M. Tchitcherine a exposé, devant les représentants de la presse française, les idées directrices de la politique étrangère des Soviets. Si l’on néglige quelques pointes de tradition diplomatique et quelques ironies de tradition académique, ses déclarations ont été modérées. Le bolchevisme, comme disent les marins, donne du mou. Et l’on a l’impression que tout n’est pas faux dans ce qu’on rapporte des difficultés que les dirigeants de Moscou commencent à rencontrer auprès de l’immense paysannerie russe.
Les déclarations de M. Tchitcherine contiennent aussi quelques parties originales. Le point de vue de Moscou sur les accords de Locarno sort de la banalité. L’ambassadeur Rakovsky avait déjà dit que le pacte formait un groupement de puissances, que ce groupement de puissances créait un déséquilibre et que le déséquilibre conduisait fatalement aux conflits. Doctrine de la pure diplomatie classique. M. Tchitcherine a renchéri. Il voit dans le pacte les germes de guerres futures. Selon lui, M. Chamberlain et M. Briand auraient semé les dents du dragon. « L’avenir démontrera si l’accord de Locarno a vraiment le caractère pacifique que lui attribuent ses participants, a-t-il ajouté, ou si plusieurs de ces derniers n’auront pas à regretter leur œuvre. »
On ne risque rien à prophétiser le mal, sinon le pire. Au fond, M. Tchitcherine a, comme Bismarck, le cauchemar des coalitions. Et c’est lui qui cherche le contact de l’Europe tout en affectant de croire que l’Europe a besoin de la Russie.

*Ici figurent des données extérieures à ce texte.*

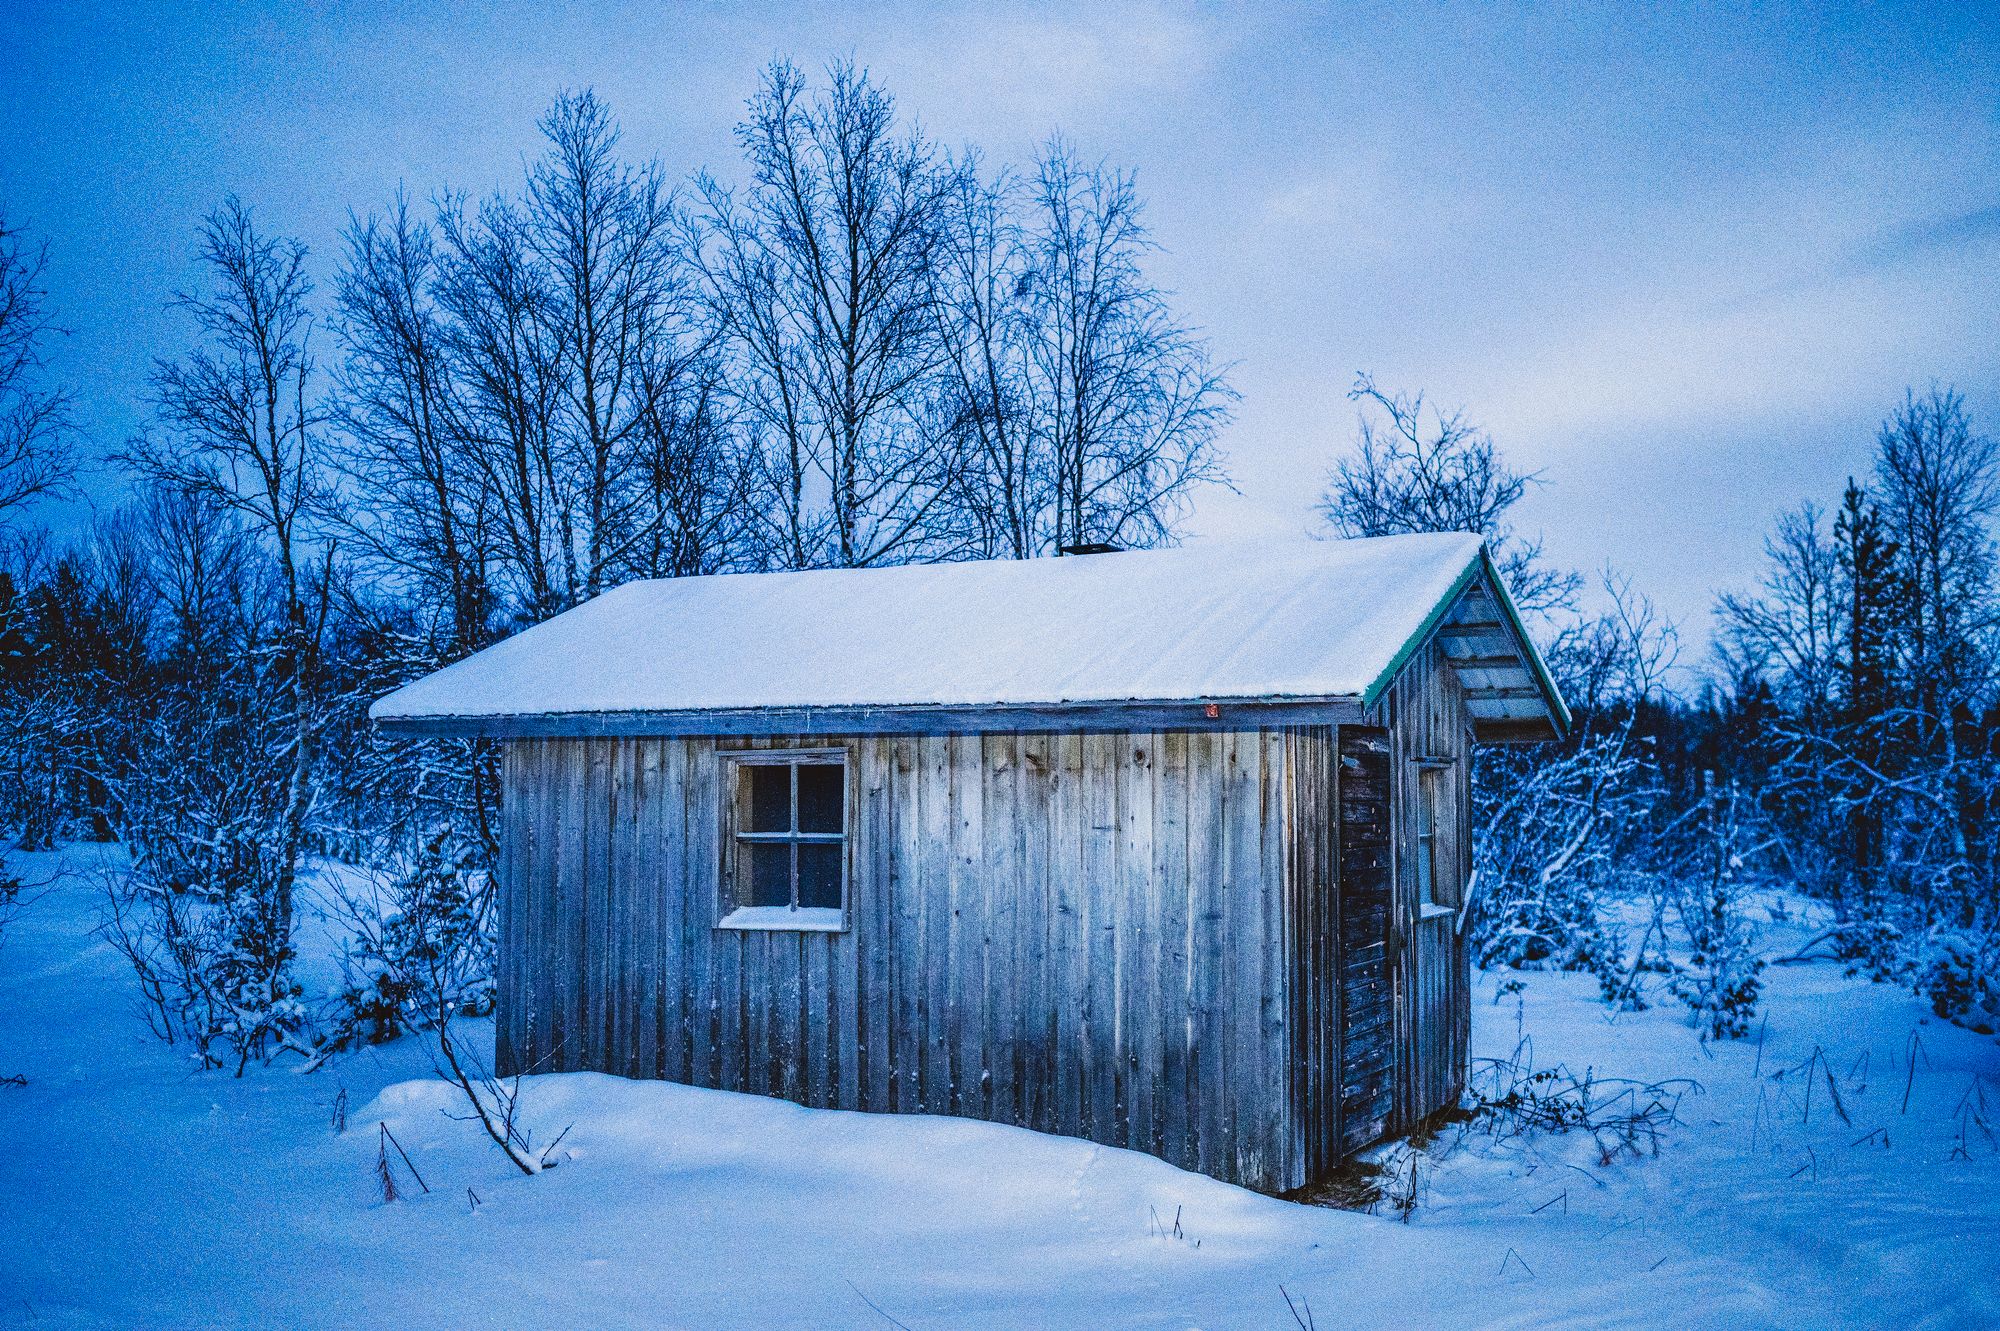 Korsatuvan autiotuvan pihapiirissä on myös puulämmitteinen sauna. Tällä kertaa löylyt jäivät väliin. © Otto Ponto
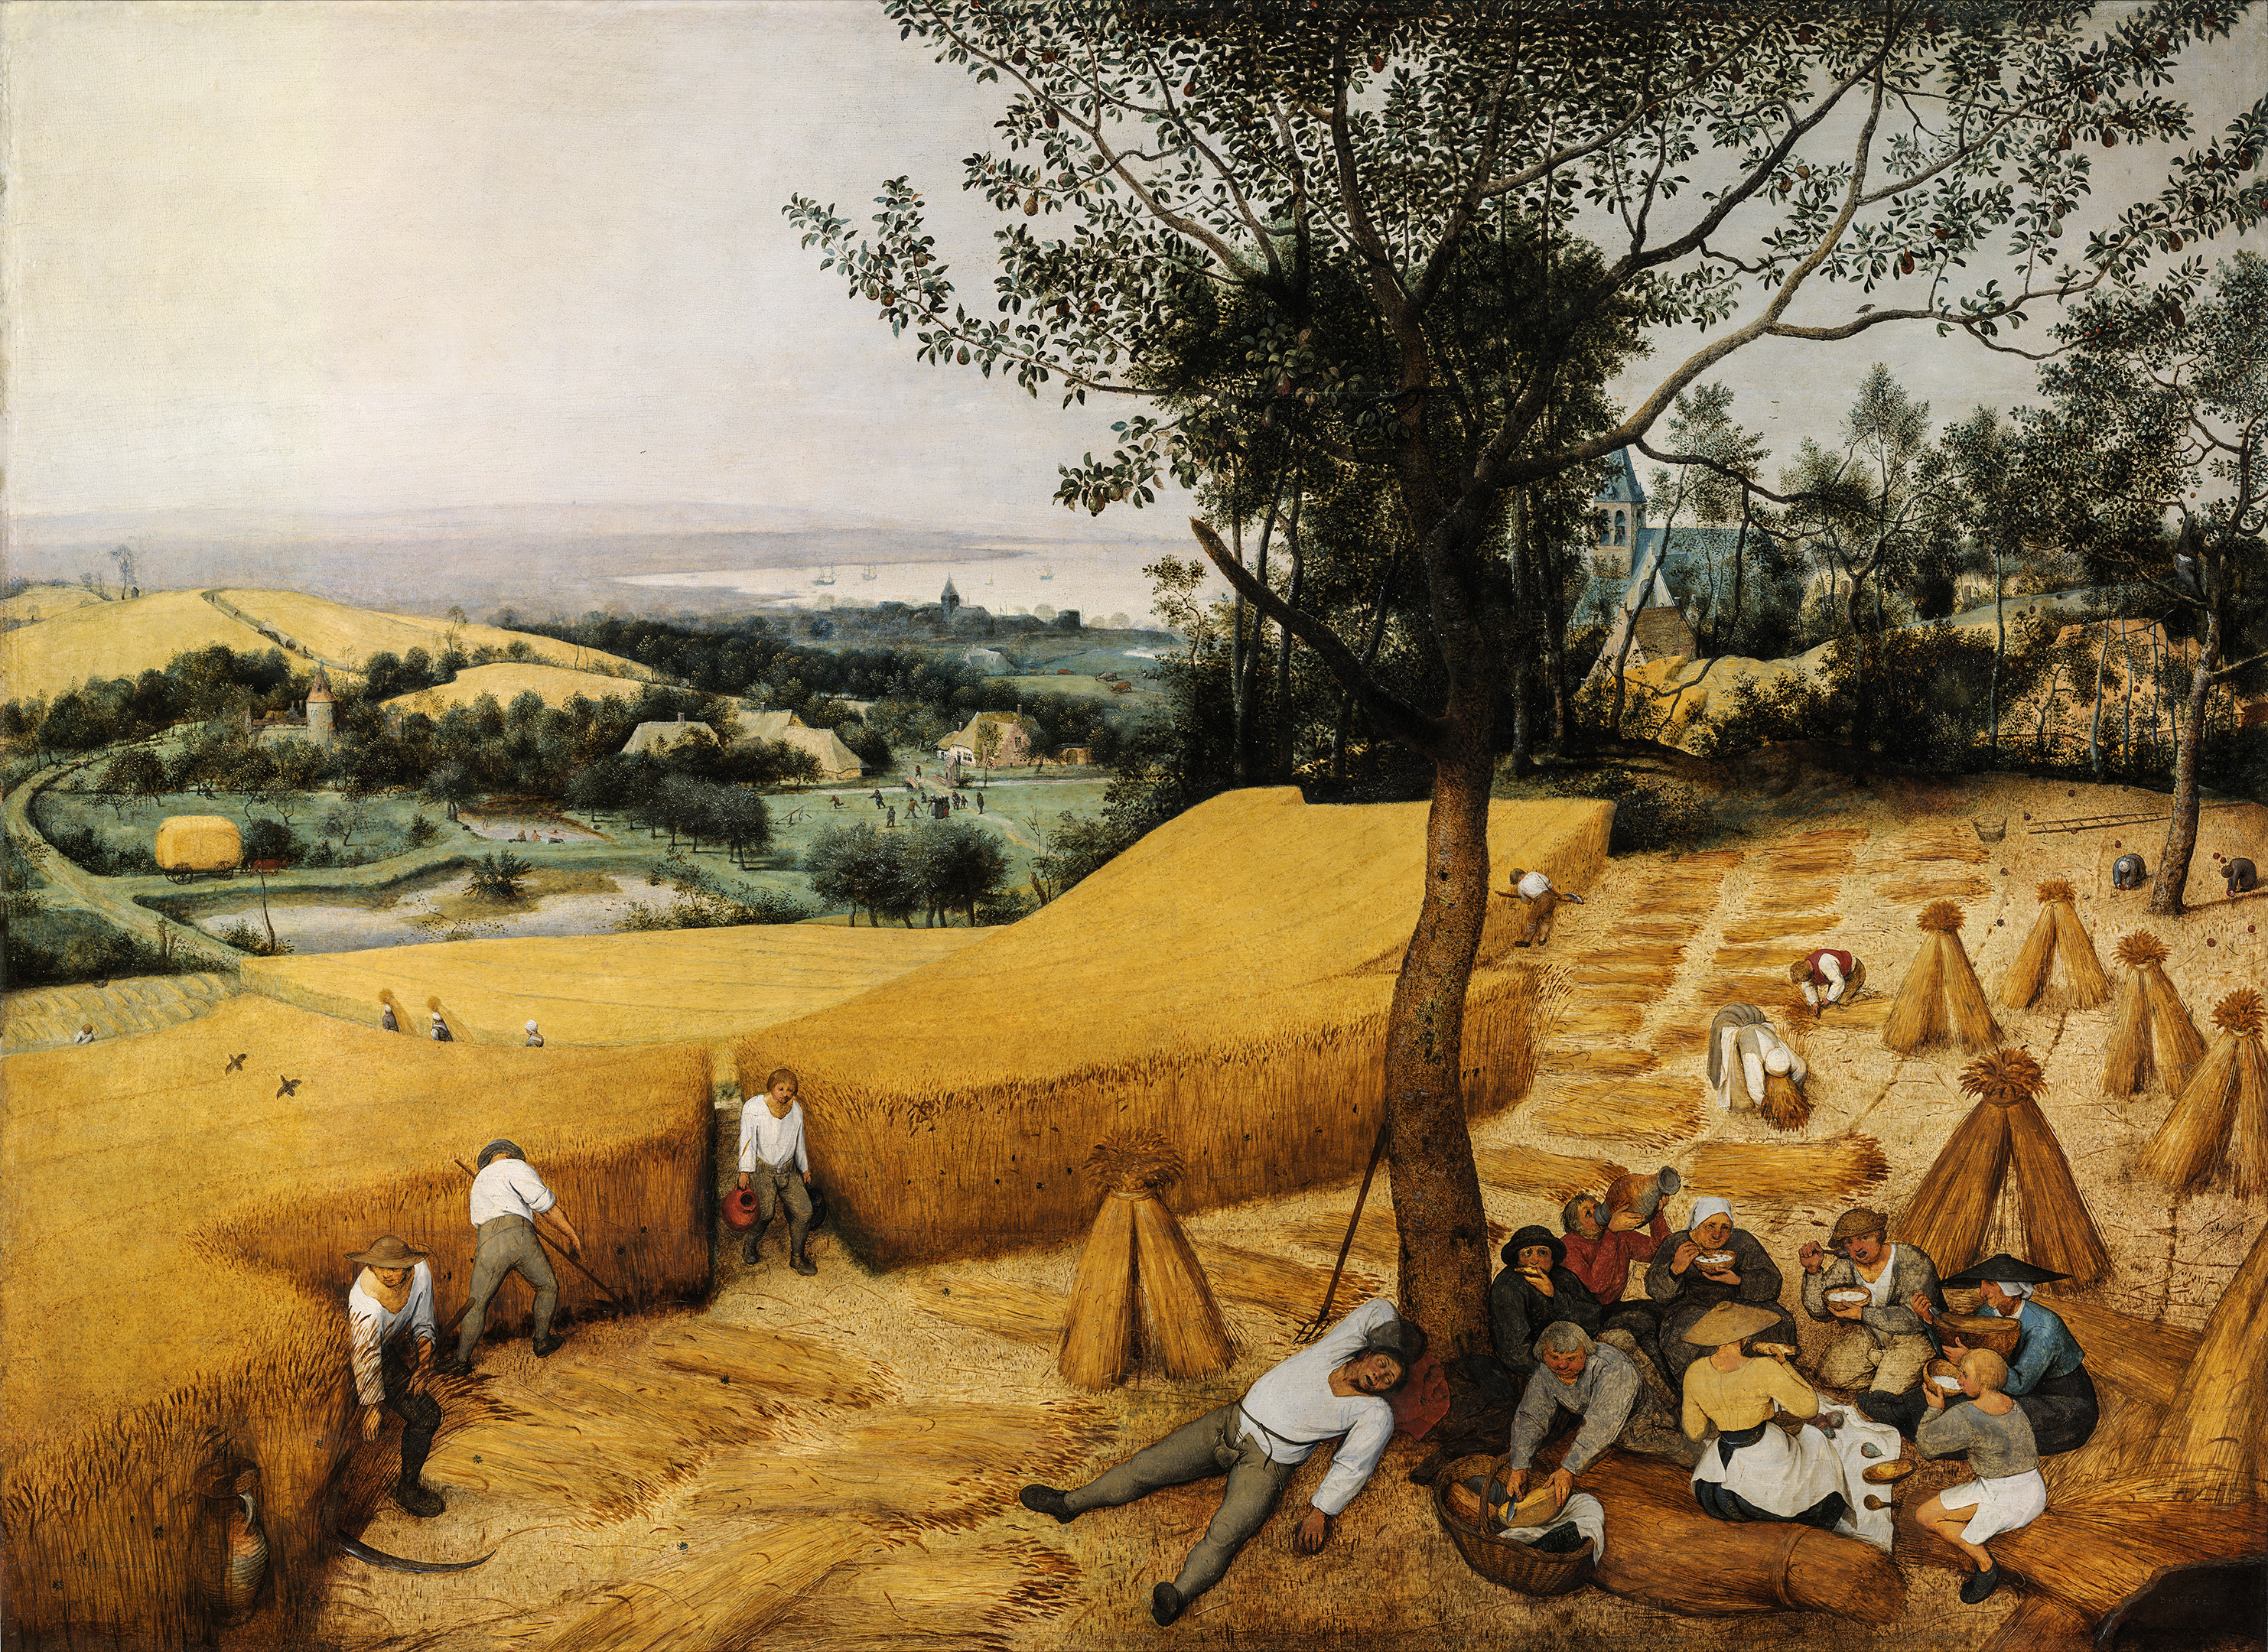 Pieter Bruegel the Elder - The Harvesters (1565) by Pieter Bruegel the Elder

Il prétend qu’on a vu clairement, en France et dans les autres pays, qu’un règlement général des affaires internationales était impossible sans l’Union soviétique. Les faits ne sont pas entièrement d’accord avec cette allégation. Il est probable que la paix de Versailles eût été encore plus difficilement réalisable si la Russie avait été présente à la Conférence et si elle avait réclamé ce que les Alliés lui avaient promis pour prix de la victoire et de sa fidélité, c’est-à-dire Constantinople, ni plus ni moins. Depuis sept ans, il y a eu en Europe bien des affaires. Vaille que vaille, jusques et y compris Locarno, elles ont été réglées sans la Russie, et il n’est pas sûr que la présence de la Russie ne les eût pas beaucoup compliquées.
Après avoir voulu rentrer dans la politique internationale par effraction et par la révolution universelle, les Soviets y rentrent sous les aspects courtois de la diplomatie d’ancien régime. Derrière les changements de décor, la Russie que nous retrouvons est toujours la même, atteinte à la fois de gigantisme et de débilité ‑ et, dans son vaste corps, aussi altérée d’emprunts et de crédits.